Increasing the conversion rate means getting more action from your visitors, such as a contact request, sign-up, or purchase. SEO means making your website more discoverable in search engines such as Google. AEO is about giving clear answers so that your content can appear more quickly as a direct answer. GEO focuses on visibility in generative AI systems such as ChatGPT or other AI search environments, while AIO is broader and concerns optimizing content and websites for AI in general. User experience is about how pleasant, clear, and easy your website is for visitors, but also about the “experience” they have: the impression or feeling your product or service evokes. Customer journey optimization means improving the entire route of a visitor: from first click, to reading, to building interest, to making contact, and eventually becoming a customer. By responding intelligently to search behavior, visitor questions, and the way people move through your website, you can get more out of the same online visibility. In that way you make better use of existing visitors and do not need to keep spending extra advertising budget. I will go into this in more detail in future blogs.
Main points
The main points are simple, but strategically important. Do not let yourself be misled by dashboards that show activity without that activity leading to readers, conversations, or assignments.

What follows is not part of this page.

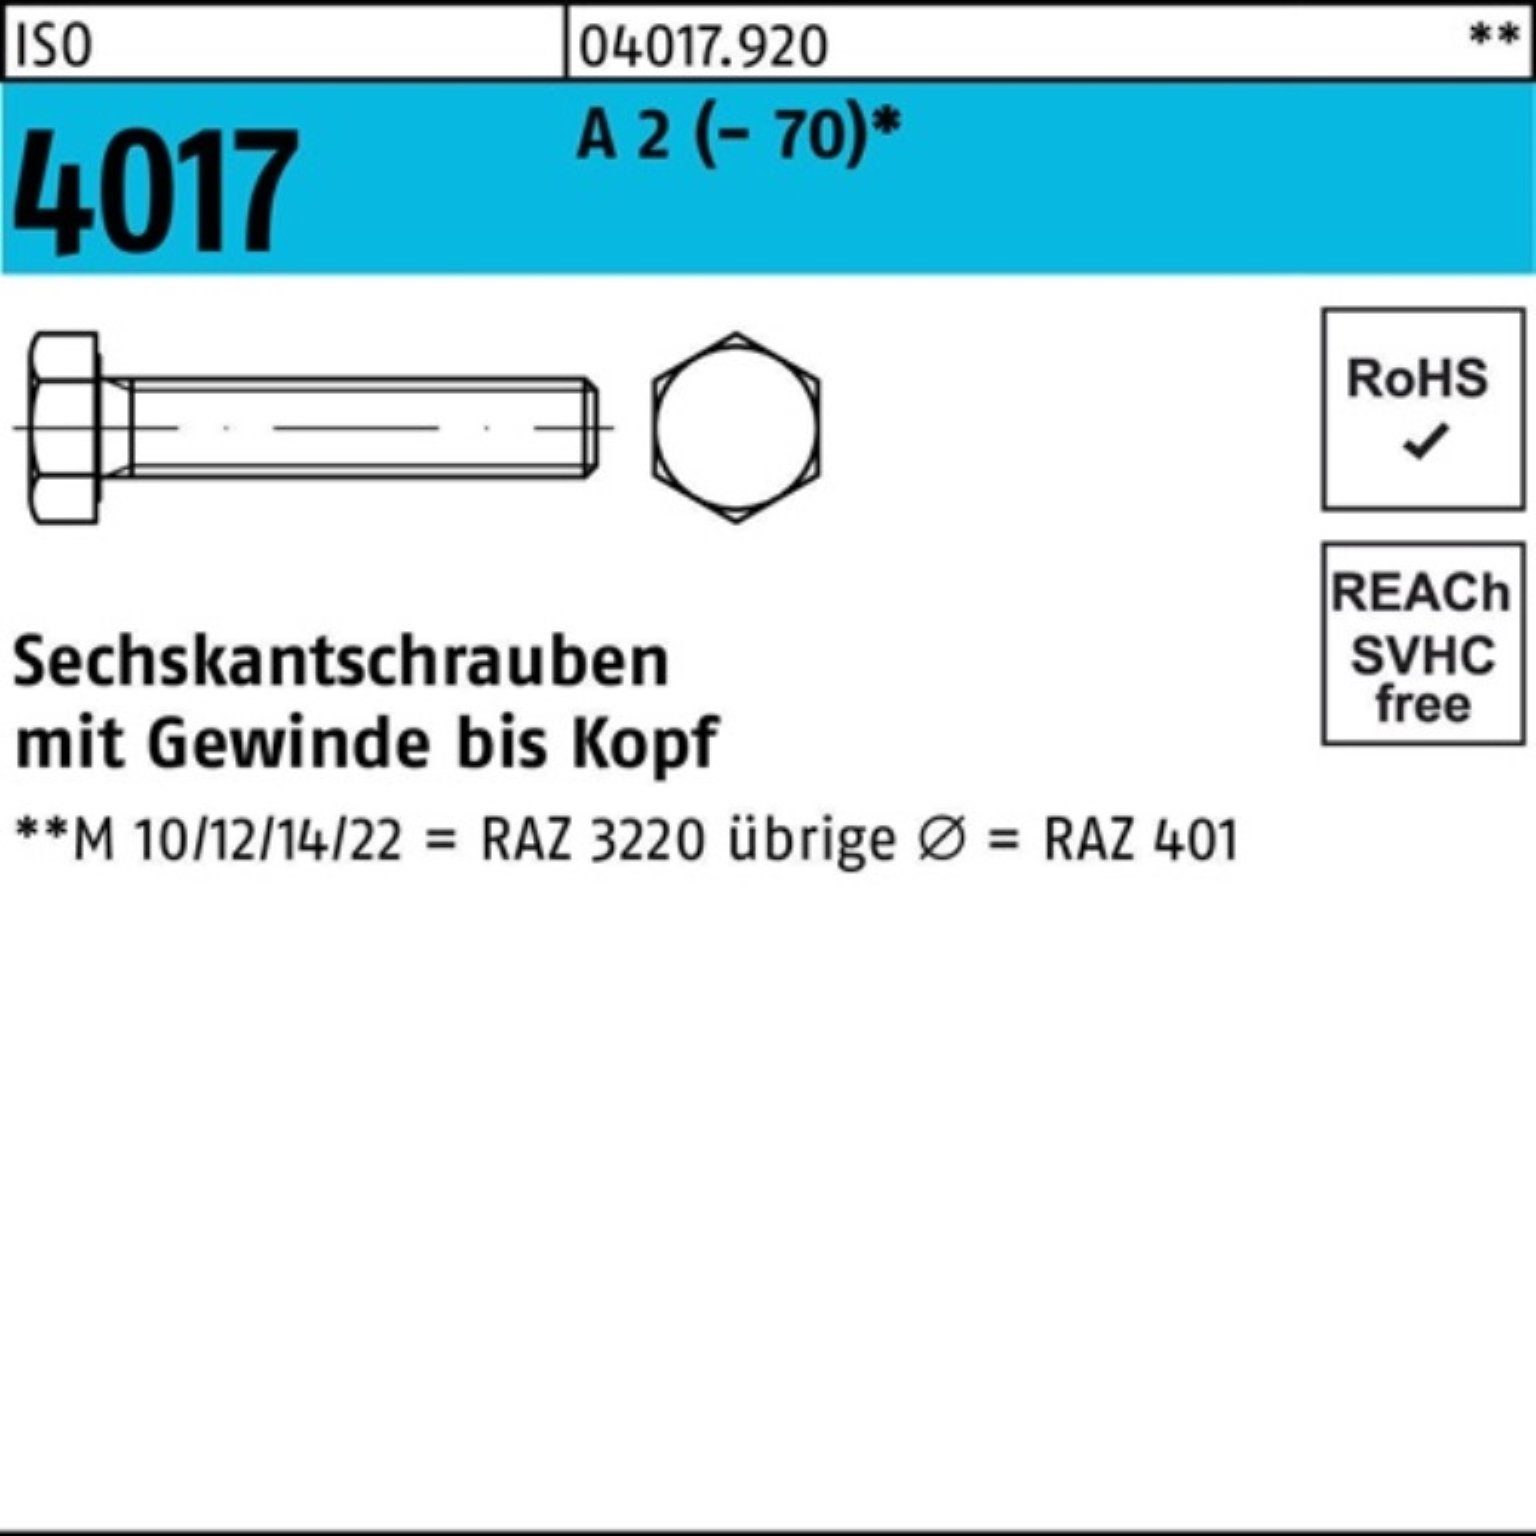 Bufab Sechskantschraube 100er Pack Sechskantschraube ISO 4017 VG M33x 110 A 2 (70) 1 Stück
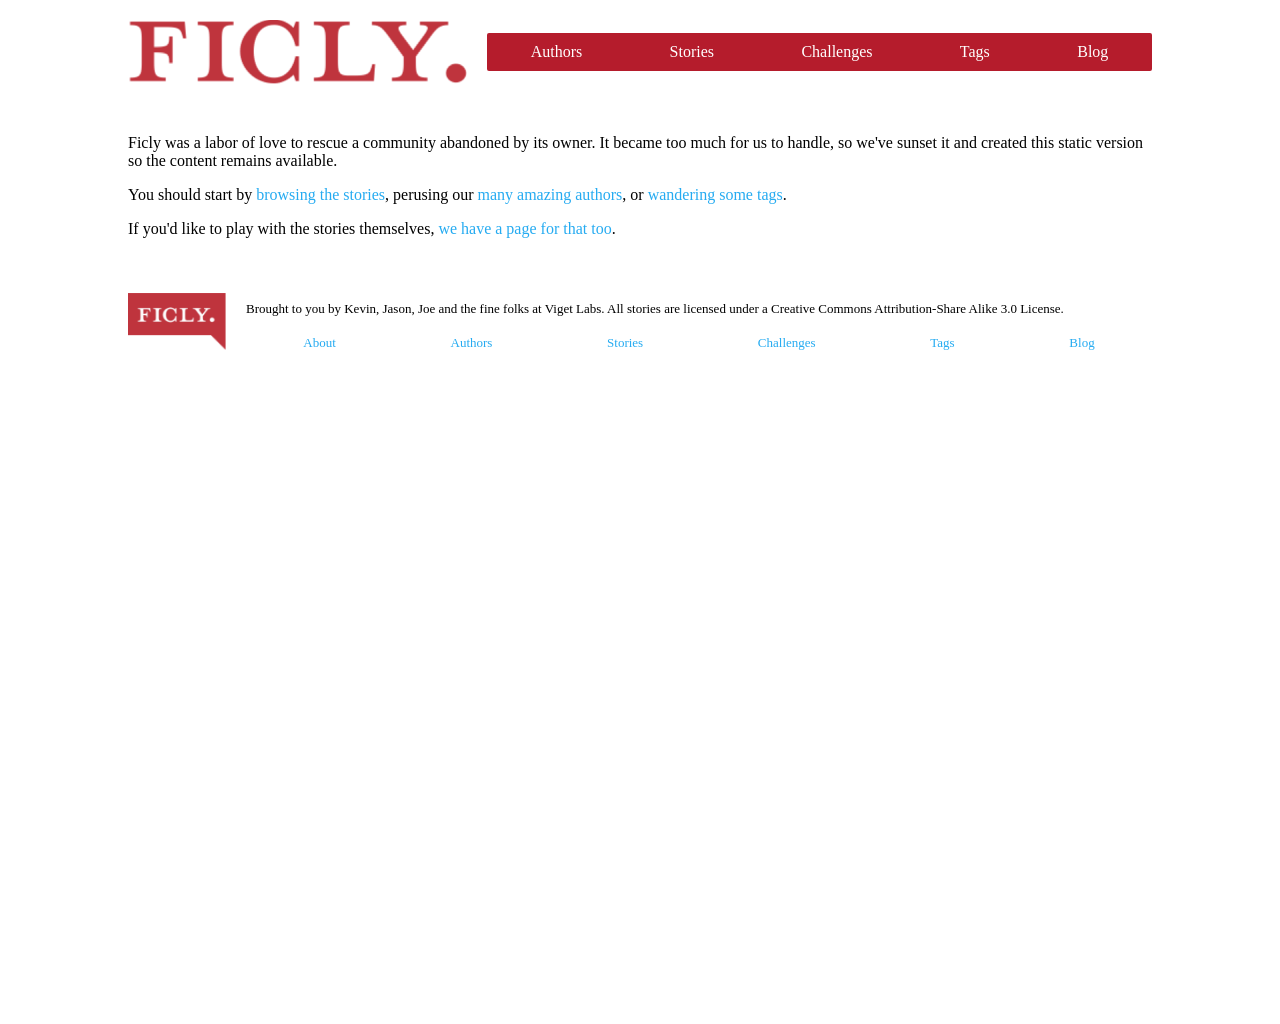 ficly.com

A platform may suggest growth, while the business meaning remains limited.
Also look critically at visible popularity. Many followers, likes, or views can seem impressive, but they say little if the target audience is not right or the interaction is superficial. Relevance, credibility, and sustainable relationship building are ultimately more valuable than quick numbers.
Finally, quality remains more important than volume. Especially with a target audience of key people and decision-makers, a substantively strong, credible, and authentic profile works better than a profile that mainly posts a lot to satisfy the algorithm. Organic growth is slower, but often also stronger, more sustainable, and strategically more valuable.
In short: do not measure only visibility, but especially whether visibility also really leads to trust, interaction, and concrete results.
Conclusion
My conclusion is clear. In my situation, advertising on LinkedIn, X (formerly Twitter), Facebook, and TikTok is not effective enough to justify the investment. It requires significant financial resources and time, and in my experience it delivers too little genuine quality in return.
Growing organically and creating my own content is the better strategy for me. Not only because it requires no advertising budget, but especially because it aligns better with how trust, authority, and meaningful relevance are actually built. Not through superficial metrics alone, but through sustainable relationships, recognizable expertise, and authentic visibility.
Perhaps that is ultimately the most important lesson: not every platform fits every strategy, and not every form of visibility is worth the investment. Sometimes the smartest choice is not to pay more for reach, but to become consistently and increasingly visible through one’s own strengths.